NOTES TO INTERIM CONDENSED CONSOLIDATED FINANCIAL STATEMENTS (continued)

 

7. Other Significant Matters (continued)

 

In light of the Recapitalization and to align senior executive officer incentive compensation with our recent and projected financial performance, on March 28, 2007 the Compensation Committee of our Board of Directors modified certain restricted stock award performance criteria for outstanding and future awards. Effective January 1, 2007, the number of performance-based measurement criteria was reduced from four to three, with each such criteria representing one-third of the restricted stock award subject to annual vesting. The three criteria that will be reviewed annually for such vesting purposes are our common stock price, net operating revenue and earnings before interest, income taxes, depreciation and amortization.

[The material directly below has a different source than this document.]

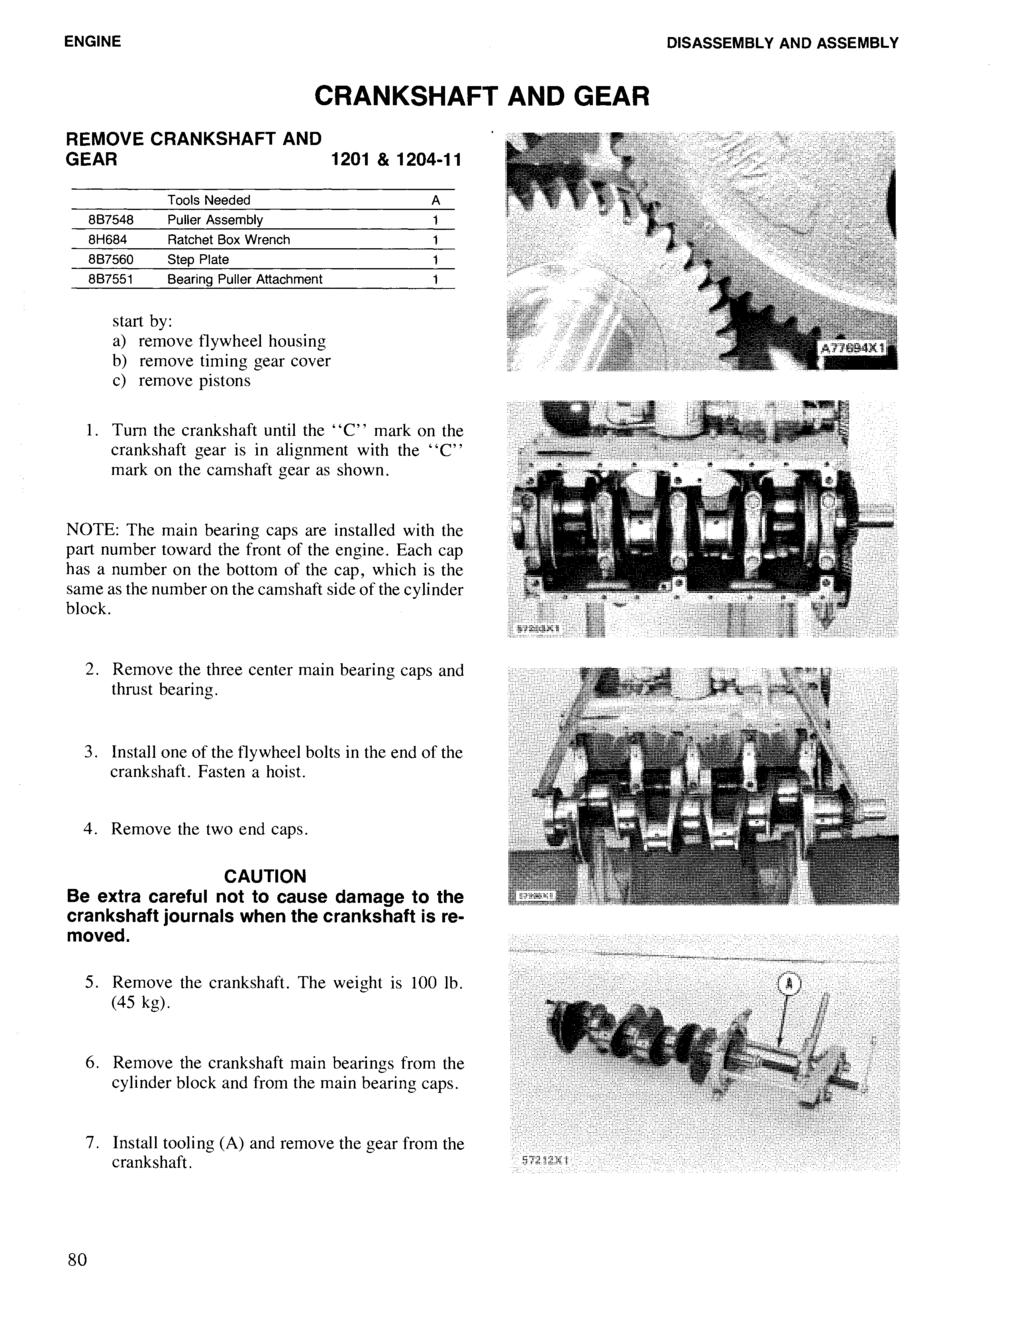 ENGINE DISASSEMBLY AND ASSEMBLY REMOVE CRANKSHAFT AND GEAR 1201 & 1204-11 CRANKSHAFT AND GEAR Tools Needed 887548 Puller Assembly 8H684 Ratchet 80x Wrench 887560 Step Plate 887551 8earing Puller

Physician and Physician Group Guarantees. We are committed to providing certain financial assistance pursuant to recruiting arrangements and professional services agreements with physicians and physician groups practicing in the communities that our hospitals serve. At March 31, 2007, we were committed to non-cancelable guarantees of approximately $30.5 million under such arrangements. The actual amounts advanced will depend on the financial results of each physician’s or physician group’s private practice during the contractual measurement periods, which generally do not exceed one year. We believe that the estimated liabilities for physician and physician group guarantees that are recorded in the condensed consolidated balance sheets, including approximately $10.9 million at March 31, 2007, are adequate and reasonable; however, there can be no assurances that the ultimate liability for such guarantees will not exceed our estimates.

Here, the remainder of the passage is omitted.